2024-08-07: Tools for Using the Internet Archive's TV News Archive as Research Data

The Internet Archive TV News Archive is a service provided by the Internet Archive that enables users to search across a collection of television news programs. As of May 2024, the TV News Archive provides access to clips from 2.88 million US broadcast shows dating back to 2009 for research and educational purposes. For over a decade, journalists and scholars have used its collections to varying extents in over 2,000 articles and research publications. As illustrated in Figure 1, the TV News Archive data available to the public includes video clips of broadcasts and closed captions. The Internet Archive also provides access to chyrons (the "lower thirds" of TV screens displaying breaking news and highlights).

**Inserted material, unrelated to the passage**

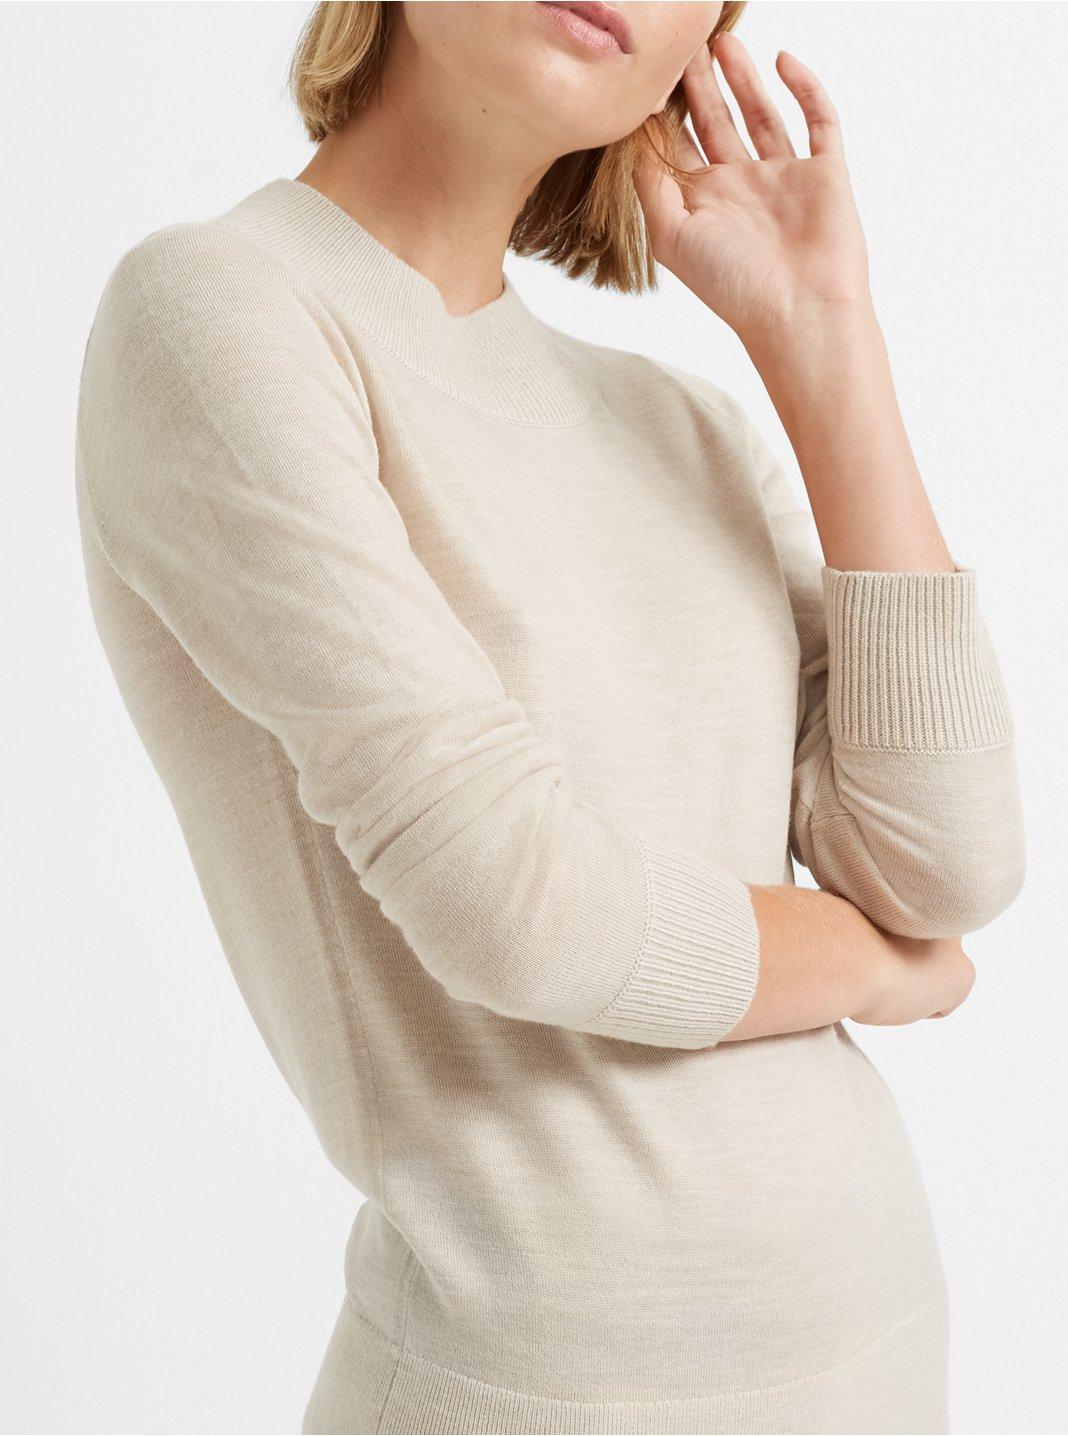 Malona Merino Sweater

Figure 1: Video clip from the TV News Archive displaying closed captions and a chyron (lower thirds) providing breaking news. Link to the video clip: https://archive.org/details/CNNW_20240503_133000_Trump_Hush_Money_Trial/start/5958/end/6018

 

Several tools have emerged to leverage the vast repository of broadcast television news archived by the Internet Archive, both independently and in collaboration with Kaalev Leetaru, founder of the GDELT project. These tools employ various technologies and methodologies to provide users with valuable insights into the content, trends, and dynamics of television news coverage.

Introducing Existing Tools Built on Top of TV News Archive Data


In this blog post, we will summarize some of the tools built on top of the Internet Archive’s TV News Archive that can be used to analyze and visualize its content, based on our experiences.

Third Eye (By the Internet Archive)

Third Eye service, developed by the Internet Archive, is designed by applying optical character recognition (OCR) to extract text from the "lower thirds" of TV screens displaying breaking news, highlights, and program promotions like social media engagement prompts.


For instance, to access chyrons from May 3, 2024 (chyron on the example in Figure 1), users can either select the date using the date picker at the Third Eye website or by using the URL:

https://archive.org/services/third-eye.php?dayL={startdate_mm/dd/yyyy}&dayR={enddate_mm/dd/yyyy}. (ex: https://archive.org/services/third-eye.php?dayL=05/03/2024&dayR=05/03/2024).


An excerpt of chyron data retrieved using the example URL is shown in Figure 2. The response includes details such as date, time, channel, duration, unique identifiers for news shows, and the chyron text.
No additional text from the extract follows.